Another use that may not be so obvious is as a poor man's barrier: if you have many threads waiting on the same promise, delivering that promise would activate them all at once. I'm not sure I would recommend that for serious engineering, but for quick prototypes this may be easier to use than a CyclicBarrier.
Finally, the use-case that reminded me of promises is to define local recursive lazy streams. Going back to last week's post, one can compute an infinite list of primes quite efficiently with:
(def primes
(cons 2
(->> (iterate (fn [i] (+ 2 i)) 3)
(remove (fn [n]
(->> primes
(take-while (fn [p] (<= (* p p) n)))
(some (fn [d] (zero? (rem n d))))))))))
This is a reasonably efficient definition of prime numbers: it never computes the same prime twice, uses the sqrt trick without actually computing a square root, and for each non-prime will stop at the first divisor found.
This is the same intention as the get-primes-sqrt
function from last
week, but better: last week's version did compute a square root,
computed all of the divisors, and the code was much longer and arguably more
complex.
So why did I not present this code last week? Well, the truth is, I hadn't thought of it. Credit for that goes to this Reddit comment by wedesoft.
That's a very neat definition, but it does have one drawback, as discussed last week: it will never release its memory. Now, that may be fine for prime numbers (they take very little memory to start with, being numbers, and they'll never change), but remember that the goal was not to compute primes, but to play with the language. And from that perspective, I did want to turn that into a local seq, rather than a global one.
The obvious way to turn a global definition into a local one is to make it a function:
(defn get-primes
[]
(cons 2
(->> (iterate (fn [i] (+ 2 i)) 3)
(remove (fn [n]
(->> (get-primes)
(take-while (fn [p] (<= (* p p) n)))
(some (fn [d] (zero? (rem n d))))))))))
but that does not work quite as well as one might hope:
t.core=> (time (nth primes 100000))
"Elapsed time: 4194.706208 msecs"
1299721
t.core=> (time (nth (get-primes) 100000))
"Elapsed time: 326617.420766 msecs"
1299721
t.core=>
Yes, you're reading that right: we went from ~4s to ~5.5 minutes.

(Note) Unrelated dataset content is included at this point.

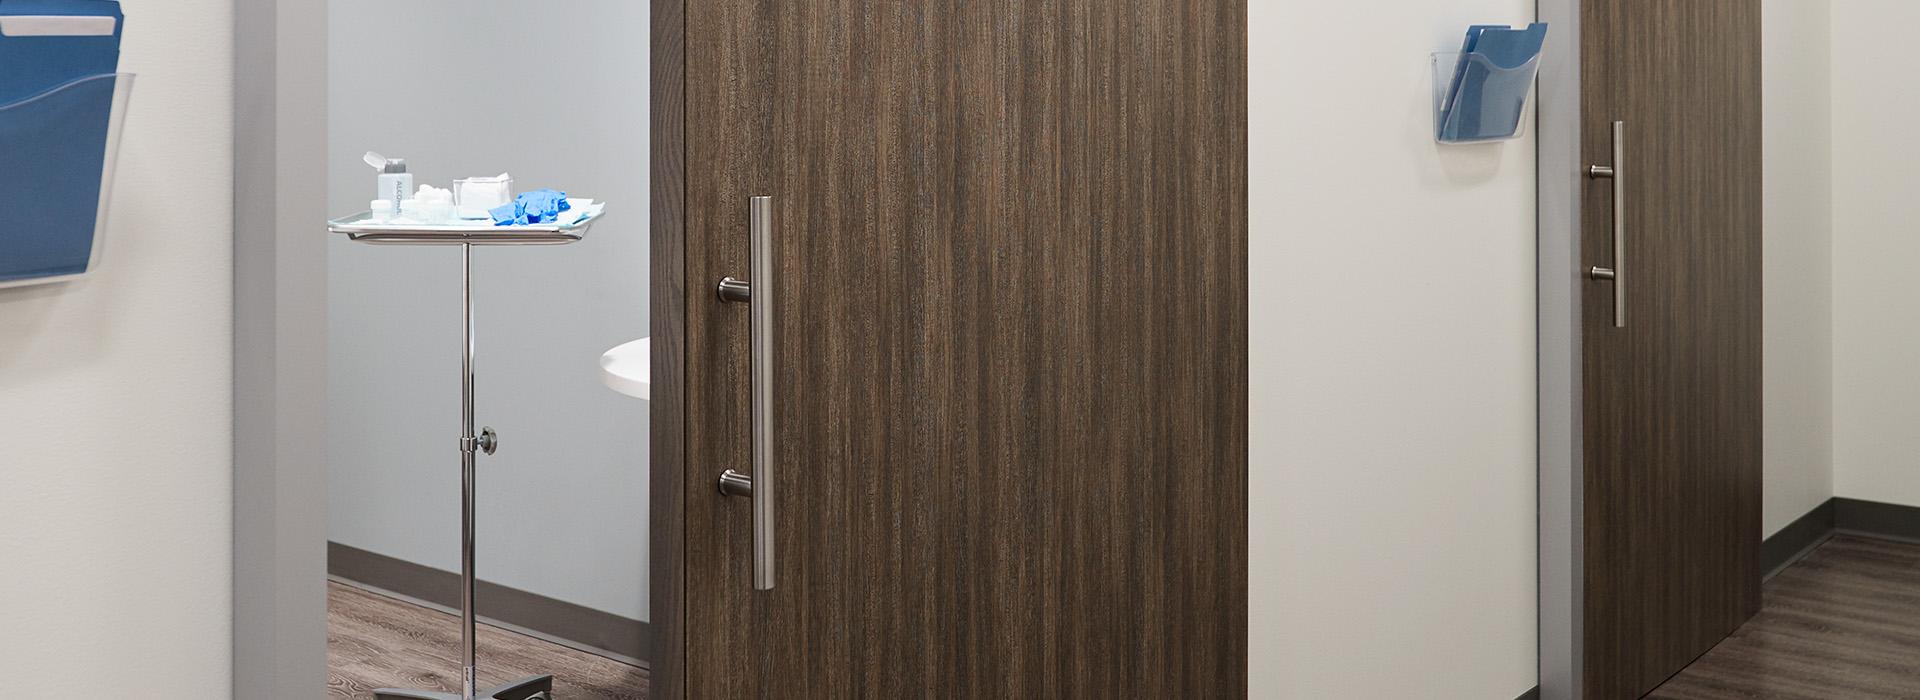 Portes en Stratifié de marque Formica® 8915-NG Fibre de Bois de Noyer

The problem here is that, by changing from a recursive value to a recursive function, recursive calls are now computing everything again.
I can think of a couple ways to tie that knot properly. One would be to use memoize:
(def get-primes-memo
(let [h (fn [p]
(cons 2
(->> (iterate (fn [i] (+ 2 i)) 3)
(remove (fn [n]
(->> (p)
(take-while (fn [p] (<= (* p p) n)))
(some #(zero? (rem n %)))))))))]
(fn [] (h (memoize get-primes-memo)))))
By memoizing the function we pass to h
, we ensure that it keeps returning the
same lazy seq we're working on. This works as expected, giving us back our ~4s
performance, and allowing the memory to be reclaimed.
Memoizing a no-argument function looks a bit weird, though. Another way to
solve this is through a promise
that we immediately deliver, using it only
for the ability to separate its declaration from its definition as a way to
work around the non-recursive semantics of let
:
(defn get-primes-promise
[]
(let [p (promise)]
(deliver
p
(cons 2
(->> (iterate (fn [i] (+ 2 i)) 3)
(remove (fn [n]
(->> @p
(take-while (fn [p] (<= (* p p) n)))
(some (fn [d] (zero? (rem n d))))))))))
@p))
which I think is a bit clearer than the memoize
approach.
Conclusion
The Clojure promise is a very simple tool, with an API of only four functions. It's a bit of a niche tool, especially since the introduction of core.async, but it can still be used effectively in some instances and thus I think it's worth knowing about.